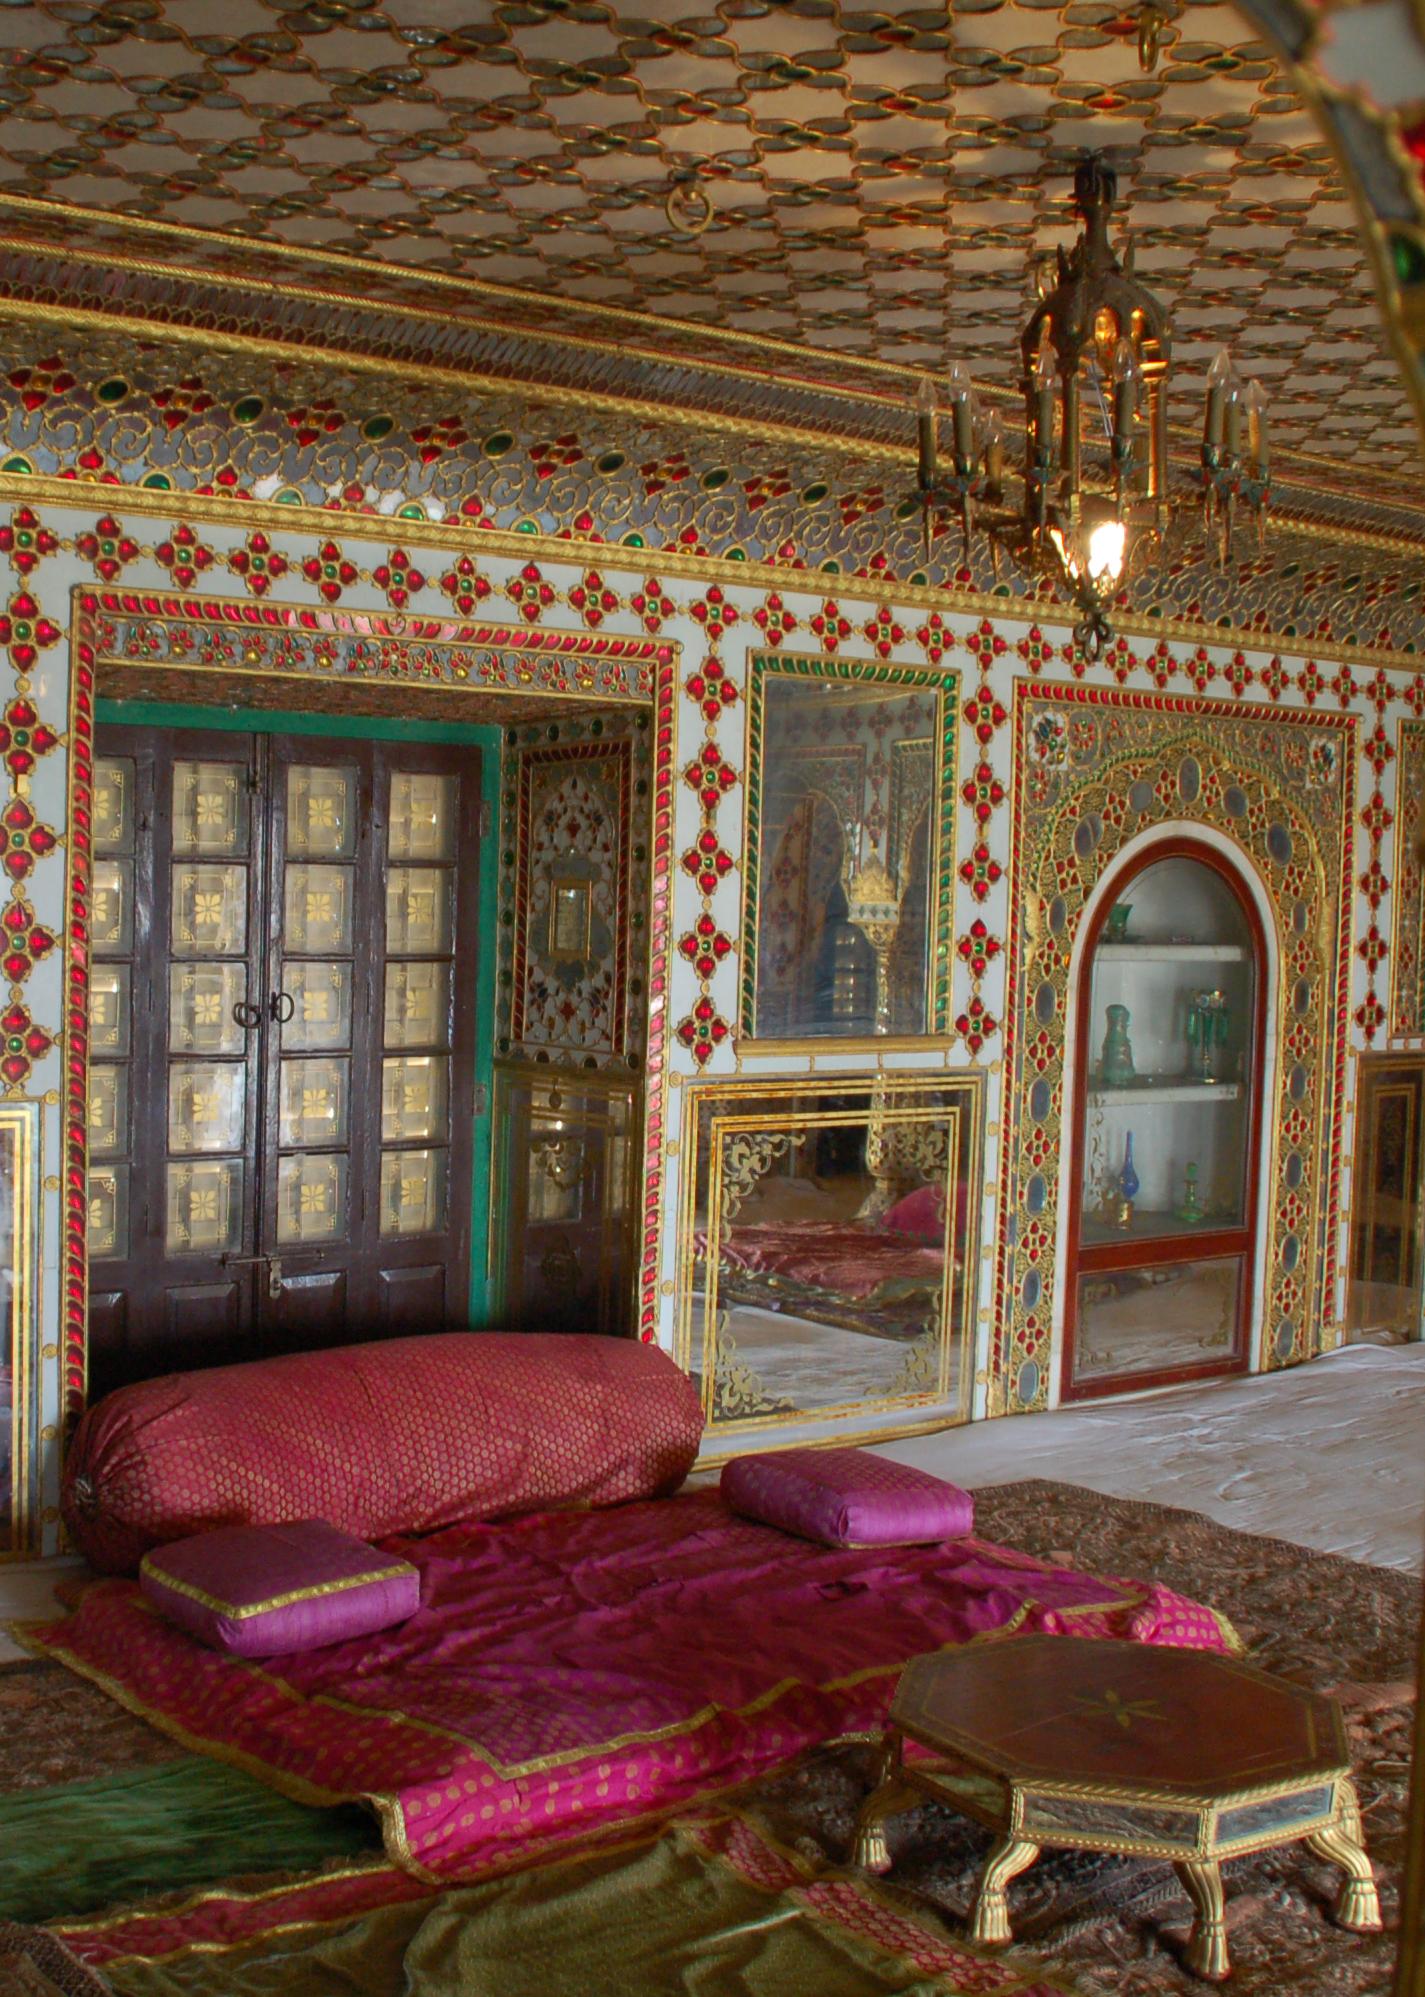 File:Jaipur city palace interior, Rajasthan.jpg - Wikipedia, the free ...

--*--

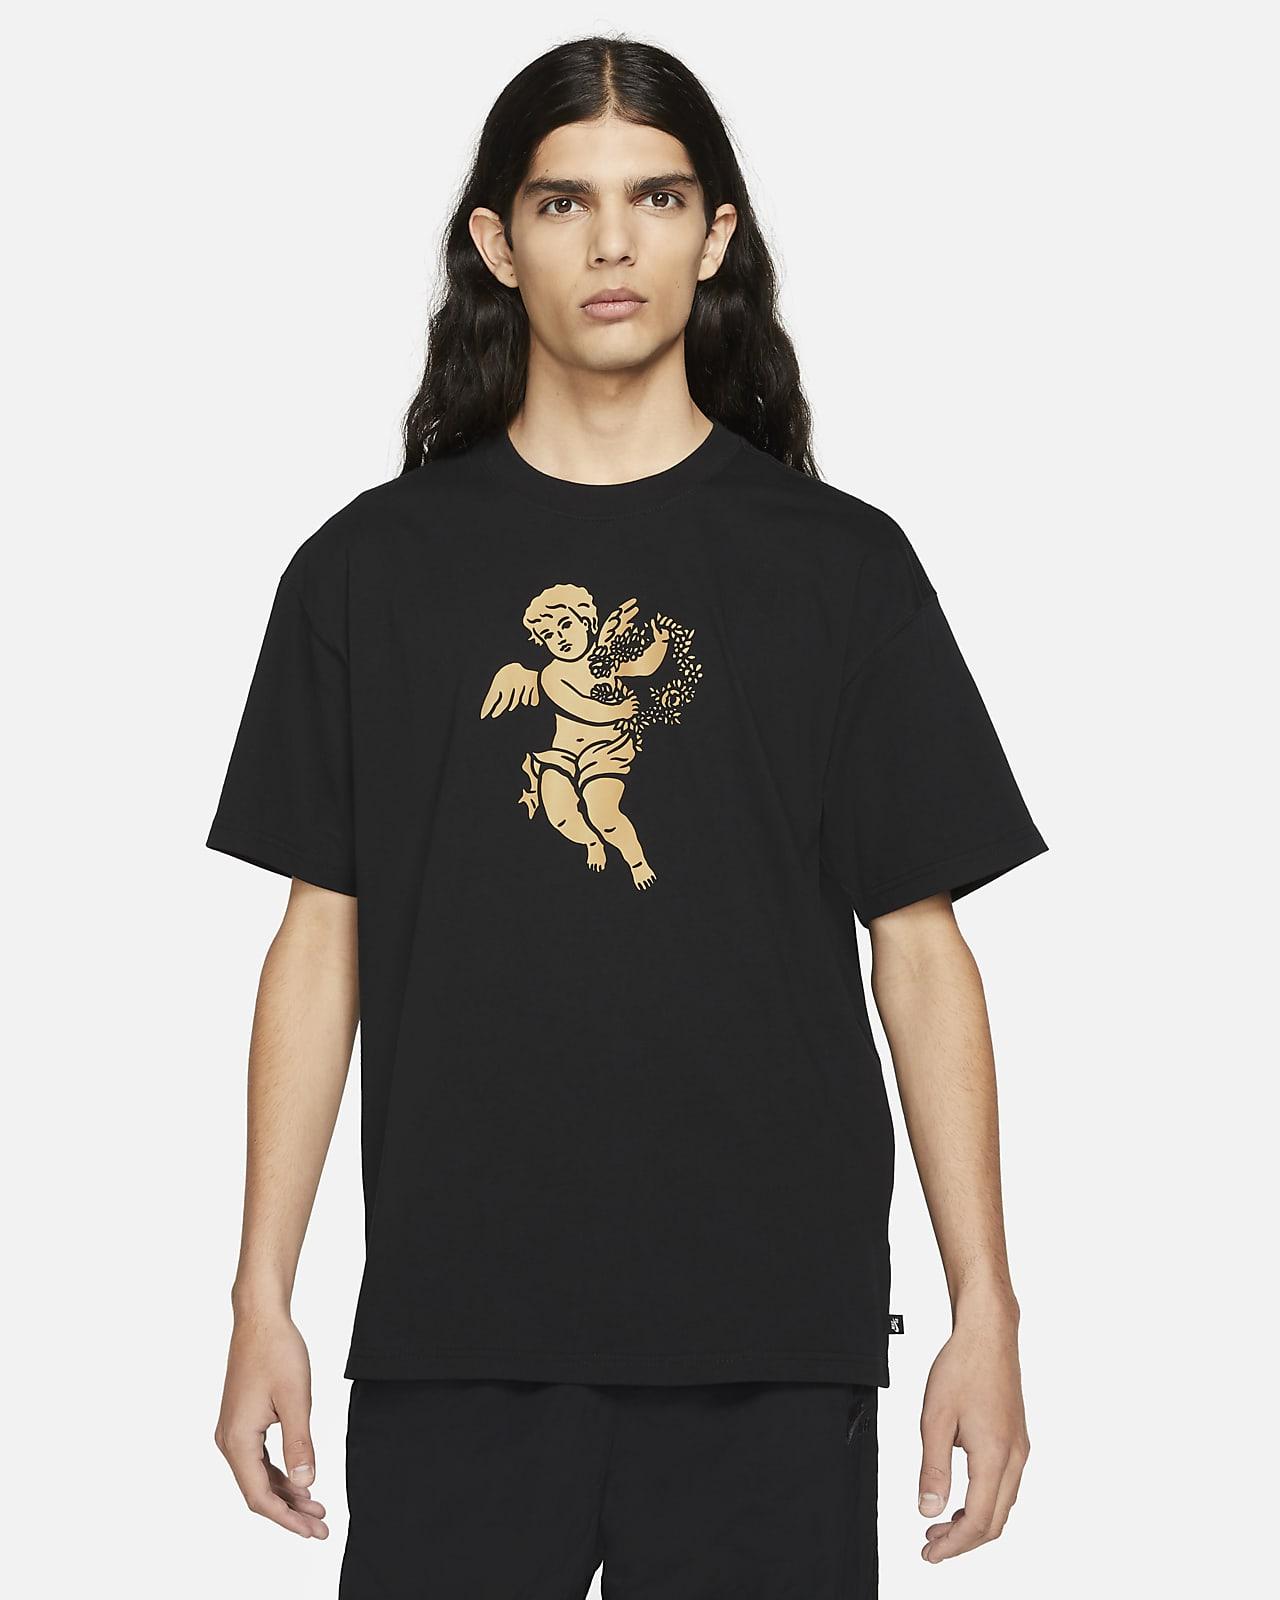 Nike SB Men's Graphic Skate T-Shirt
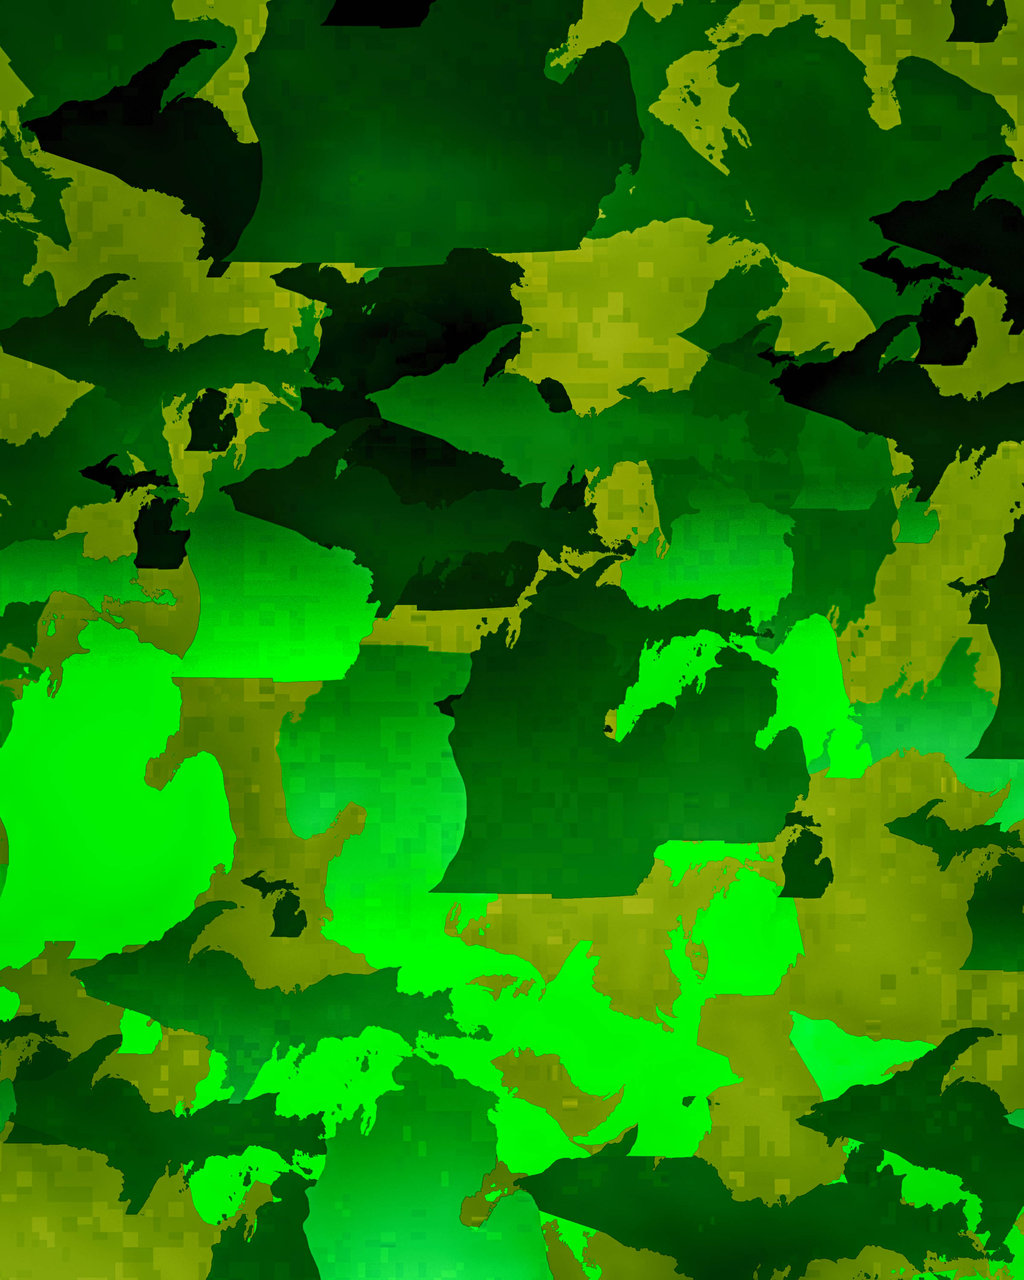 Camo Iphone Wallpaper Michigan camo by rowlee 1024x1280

--*--

--- What you will do ---
Each line from the one that contains "Nike SB Men's Graphic Skate T-Shirt" down to the one that contains "Camo Iphone Wallpaper" is to be returned exactly as it stands above, both ends included, with pictures removed.

--- Your response ---
 Nike SB Men's Graphic Skate T-Shirt
 Camo Iphone Wallpaper Michigan camo by rowlee 1024x1280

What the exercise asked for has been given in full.